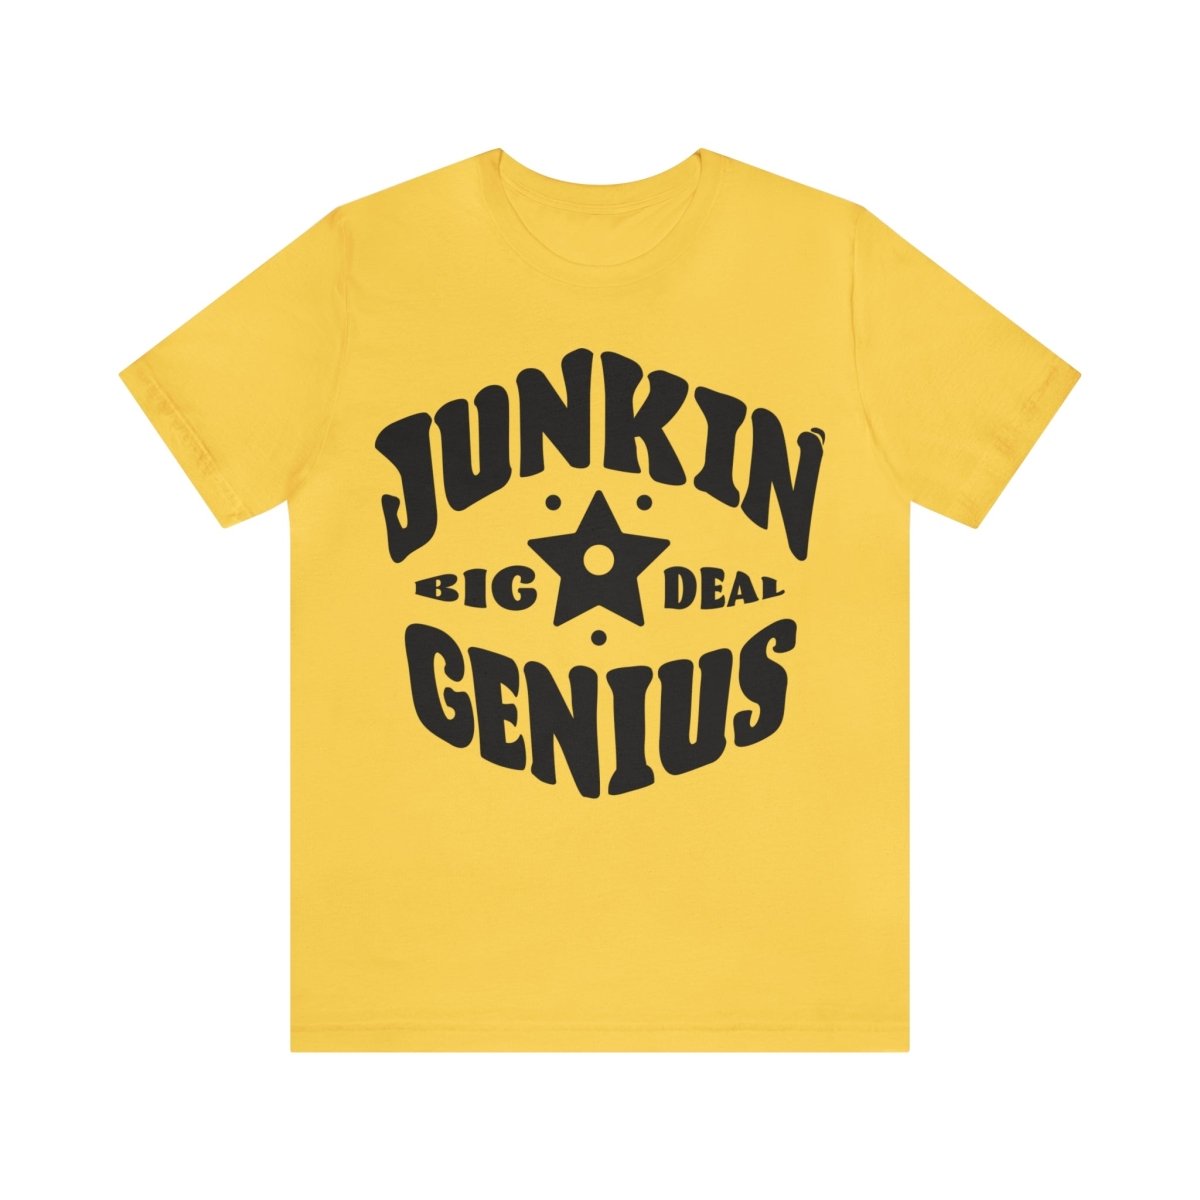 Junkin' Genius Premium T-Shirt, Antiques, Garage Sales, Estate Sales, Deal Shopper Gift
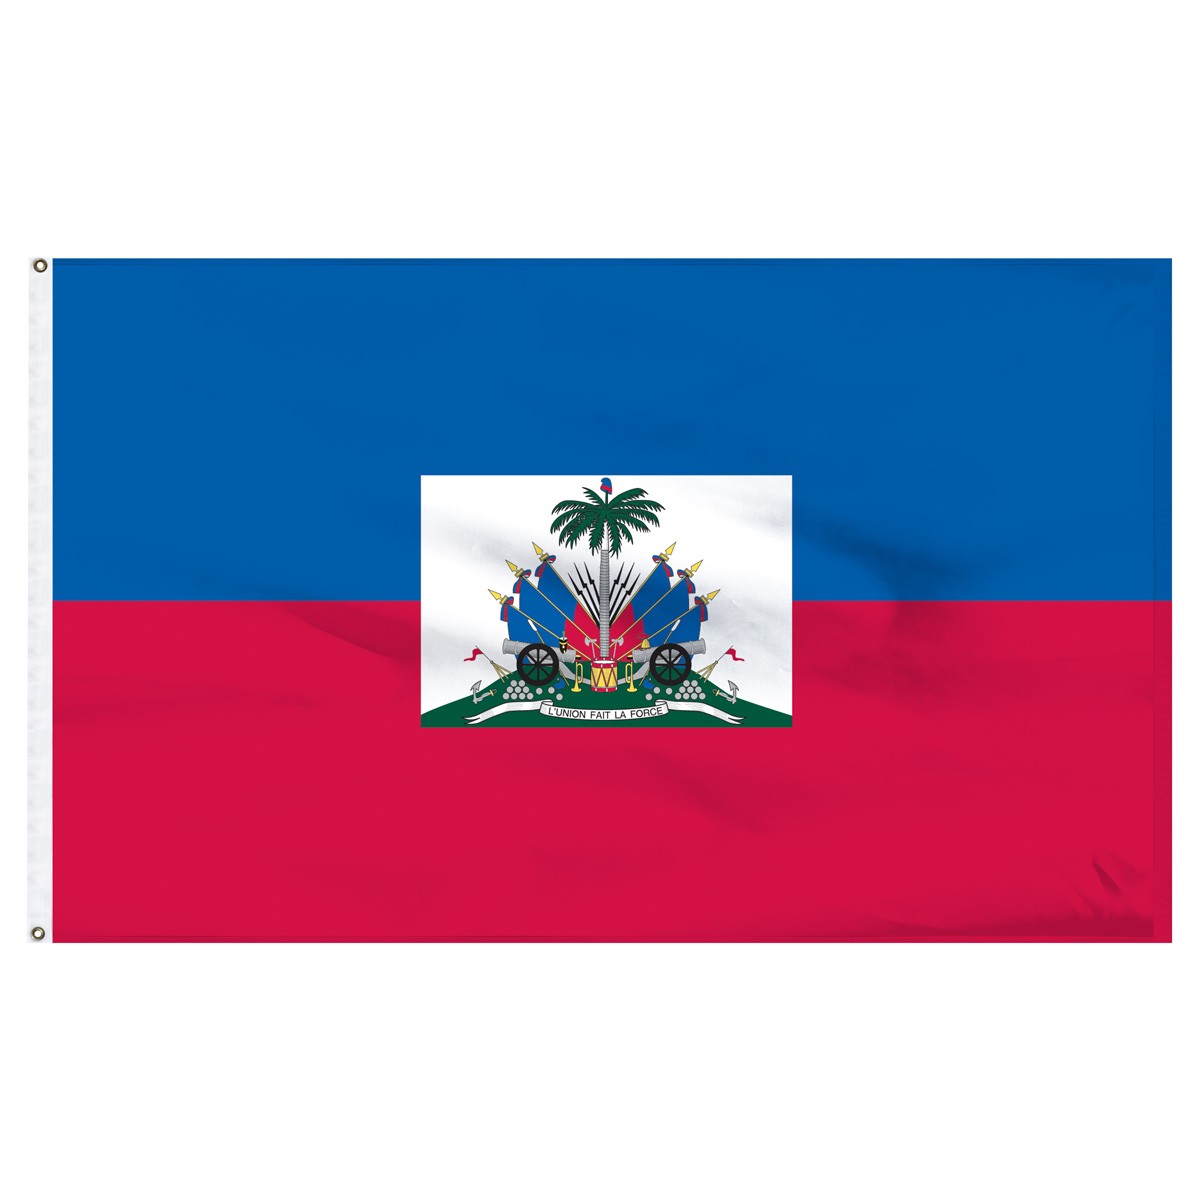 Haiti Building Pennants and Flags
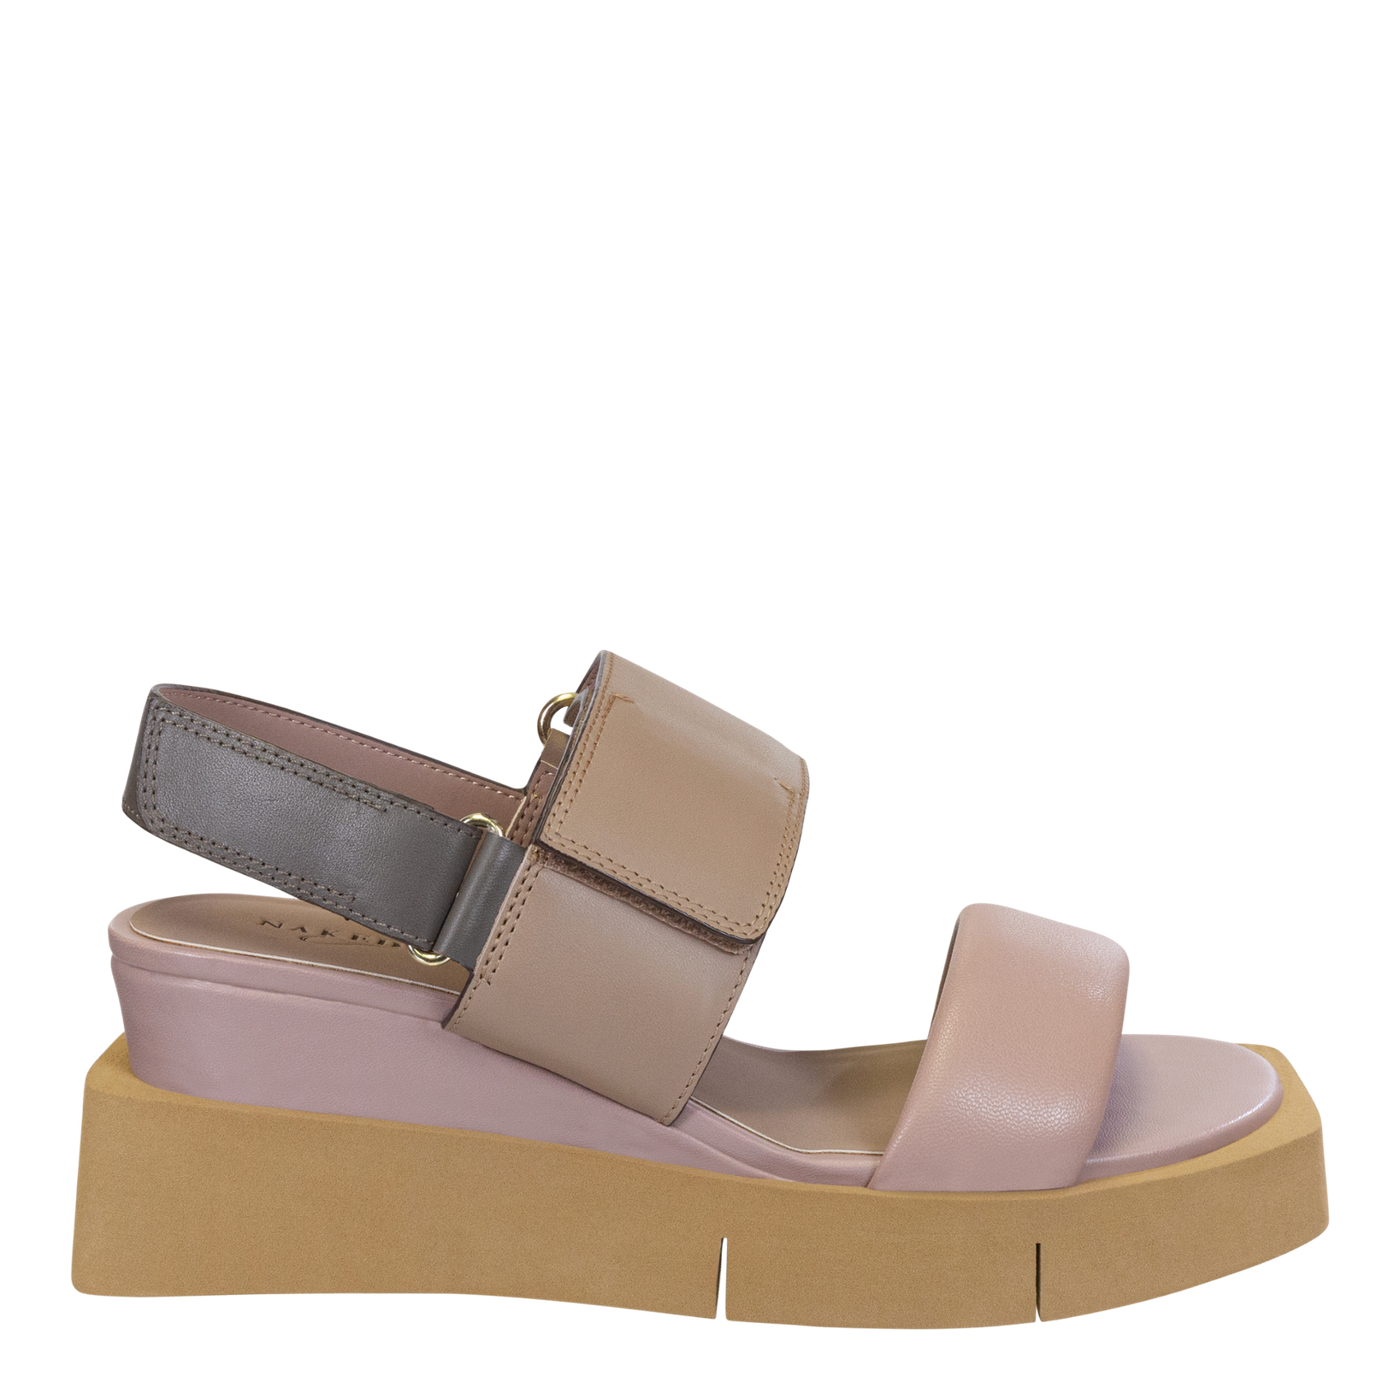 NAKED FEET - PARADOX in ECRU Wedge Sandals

● ● ● ●

▶ **GOAL OF THE EXERCISE**:
Would you reproduce each line of the material exactly, omitting the images?

▶ **SOLUTION TO THE PROBLEM**:
 Junkin' Genius Premium T-Shirt, Antiques, Garage Sales, Estate Sales, Deal Shopper Gift
 Haiti Building Pennants and Flags
 NAKED FEET - PARADOX in ECRU Wedge Sandals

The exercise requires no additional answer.